Each of the environmental variable data sources needs some pre-processing before being feed into the IBR workflow, most of them just need to be converted from vector to raster formats - a process we call ‘rasterization’. We will also rescale the tri rasters, to put them on a similar numeric range as the other data sets.

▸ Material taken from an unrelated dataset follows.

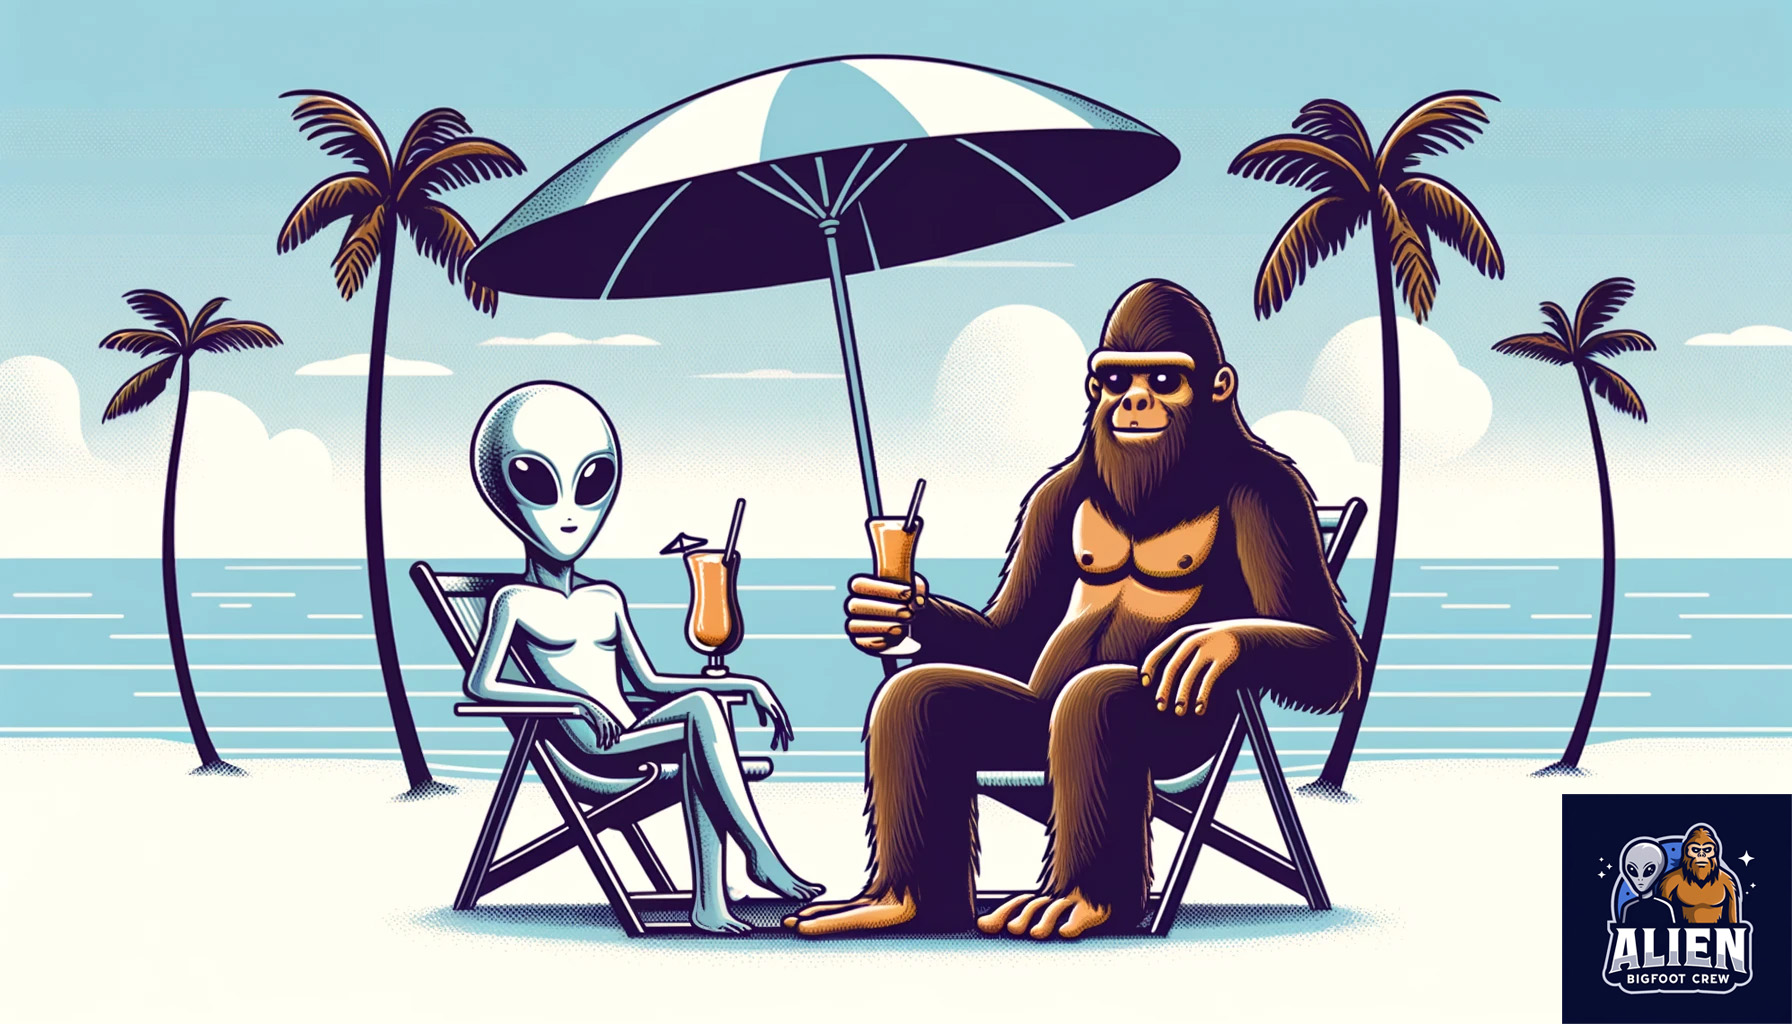 Alien and Bigfoot on a beach

tri <- terra::rast(file.path(system.file(package = "safeHavens"), "extdata", "tri.tif"))
names(tri) <- 'tri'

rescale_rast <- function(r, new_min = 0, new_max = 1) {
  r_min <- global(r, "min", na.rm = TRUE)[[1]]
  r_max <- global(r, "max", na.rm = TRUE)[[1]]
  ((r - r_min) / (r_max - r_min)) * (new_max - new_min) + new_min
}

tri <- rescale_rast(tri, 0, 100)

lakes_v <- sf::st_read(
  file.path(system.file(package = "safeHavens"),  "extdata", "lakes.gpkg"),
    quiet = T) |>
  filter(TYPE == 'Lake') |> # remove reservoirs for our purposes (time scale)
  select(geometry = geom) |> 
  mutate(Value = 1) |> # this will be rasterized. 
  terra::vect()

ocean_v <- sf::st_read(
  file.path(system.file(package = "safeHavens"), "extdata", "oceans.gpkg"),
   quiet = T) |>
  select(geometry = geom) |>
  mutate(Value = 1) |>
  terra::vect()

rivers_v <- sf::st_read(
  file.path(system.file(package = "safeHavens"), "extdata", "rivers.gpkg"),
   quiet = T) |>
  select(geometry = geom) |>
  mutate(Value = 1) |>
  terra::vect()

We’ll convert each of the above spatVect objects to spatRasters, and clip them to an area of analysis around our species records.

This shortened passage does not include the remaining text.